--- DATA SECTION ---

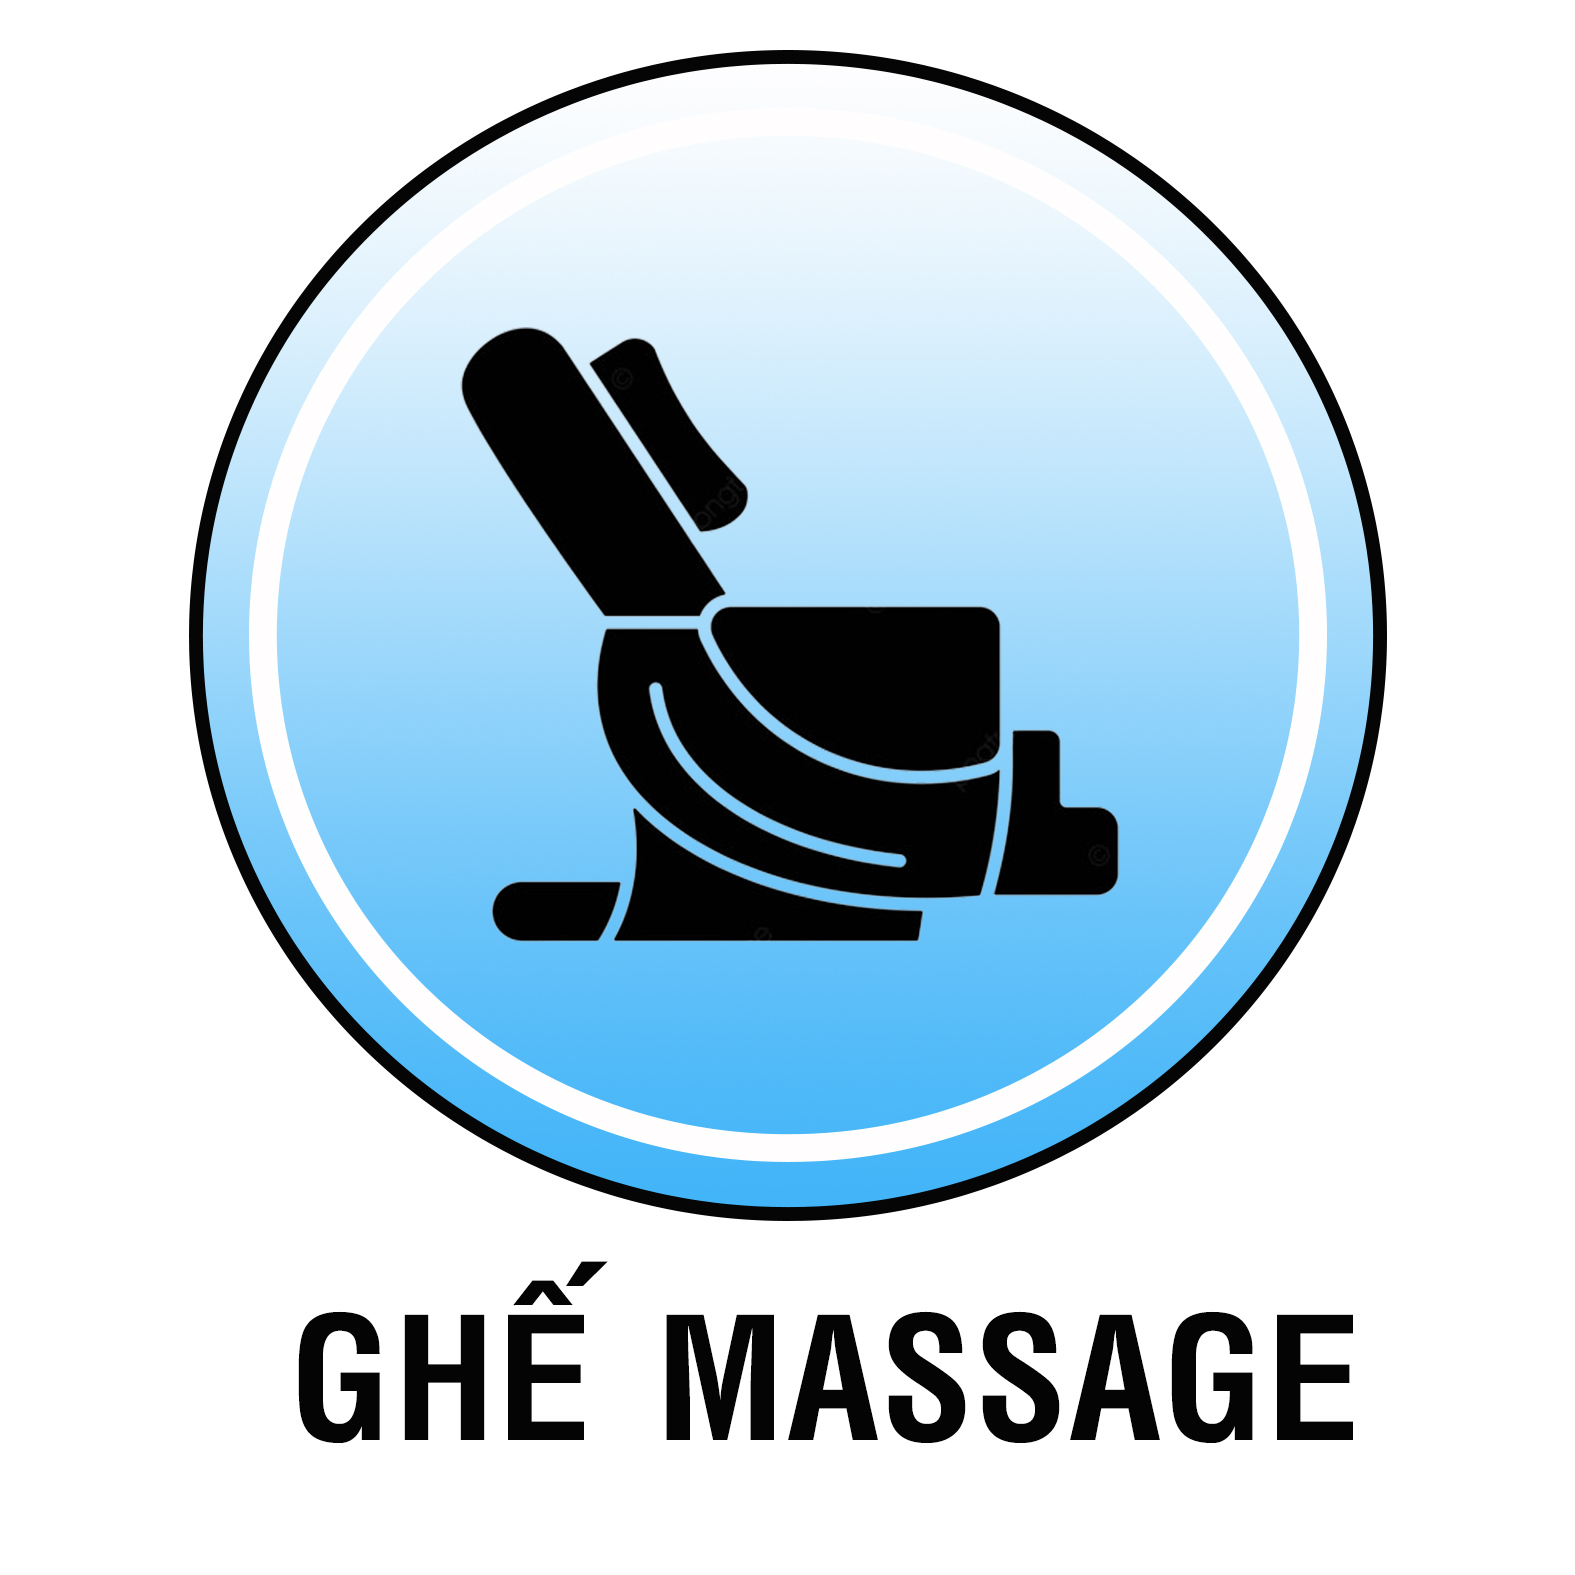 1704637904_icon_ghe_massage_2.jpg
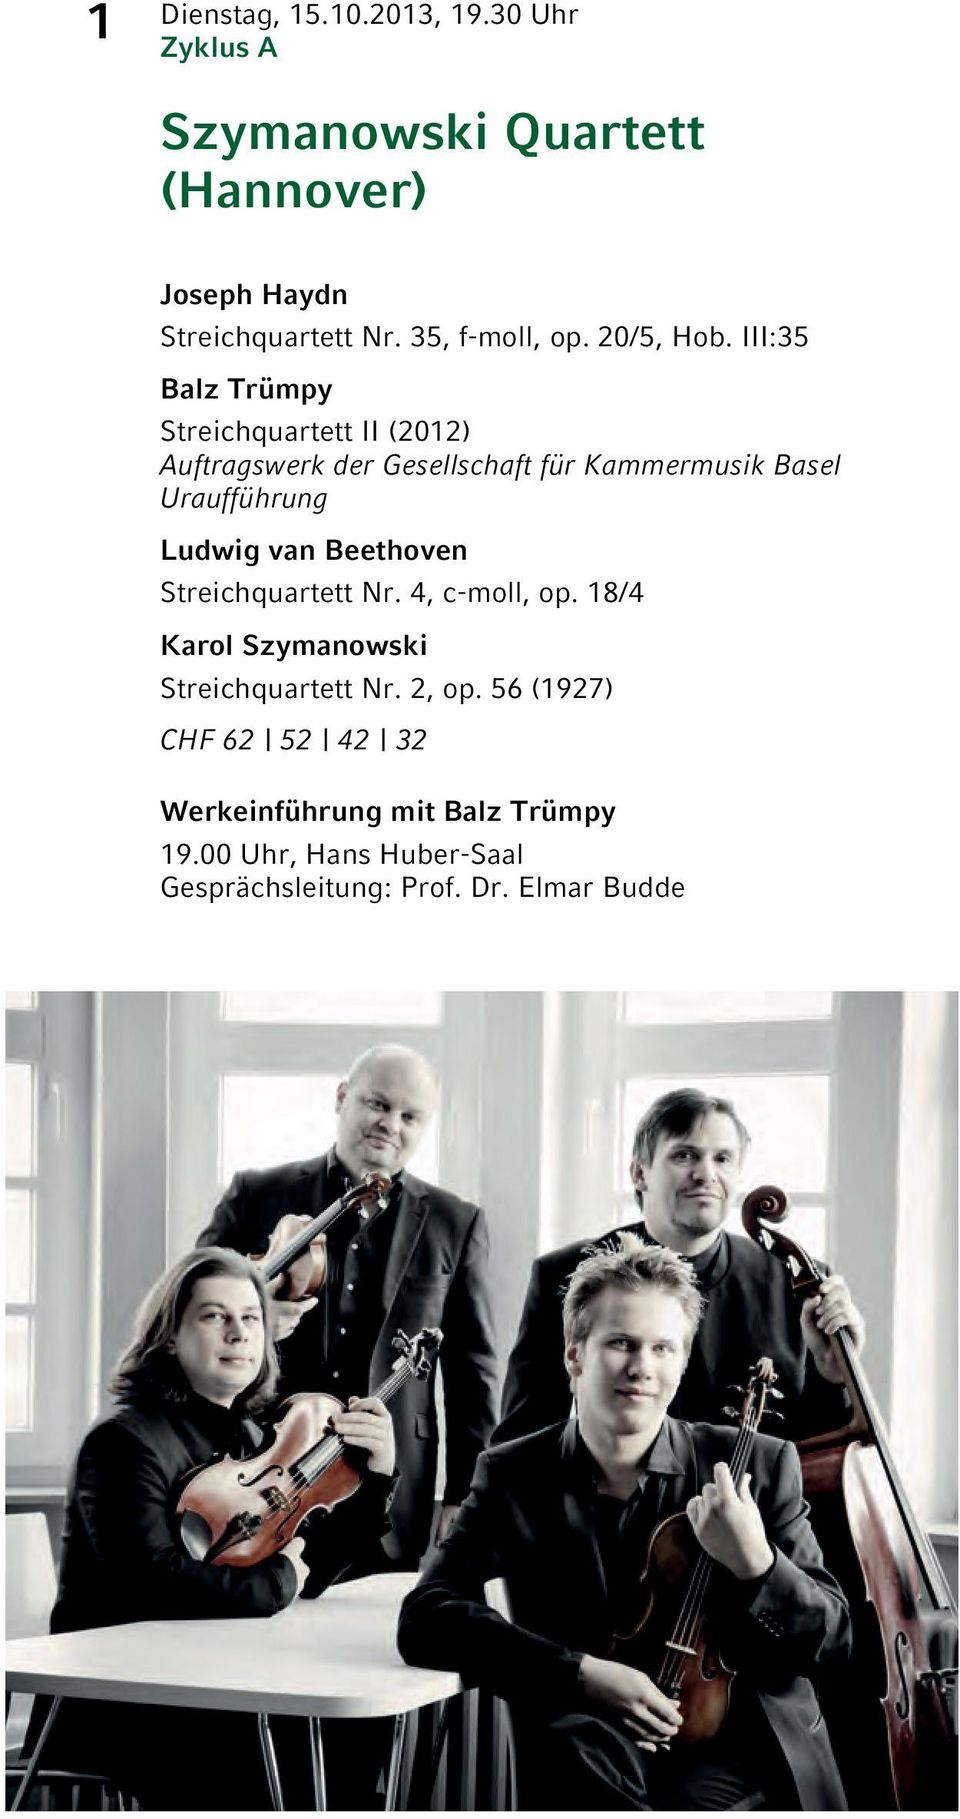 III:35 Balz Trümpy Streichquartett II (2012) Auftragswerk der Gesellschaft für Kammermusik Basel Uraufführung
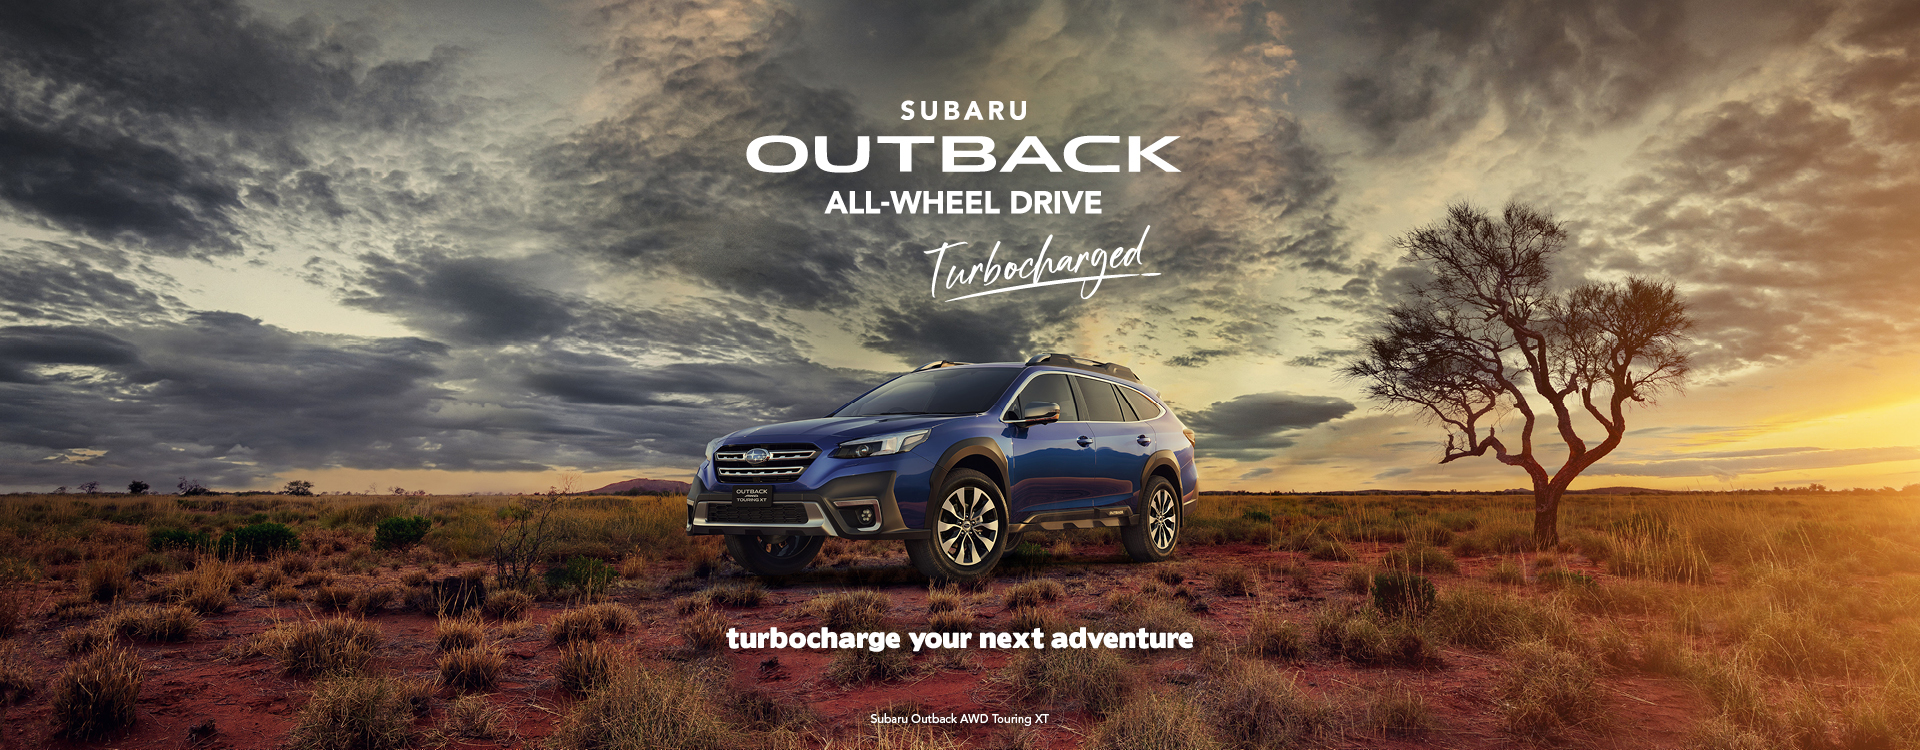 Subaru Outback Image

---

**TASK DIRECTIONS:**
The required output is every line of the data above, set down exactly and stripped of pictures.

**SOLUTION FOR THIS TASK:**
 1704637904_icon_ghe_massage_2.jpg
 III:35 Balz Trümpy Streichquartett II (2012) Auftragswerk der Gesellschaft für Kammermusik Basel Uraufführung
 Subaru Outback Image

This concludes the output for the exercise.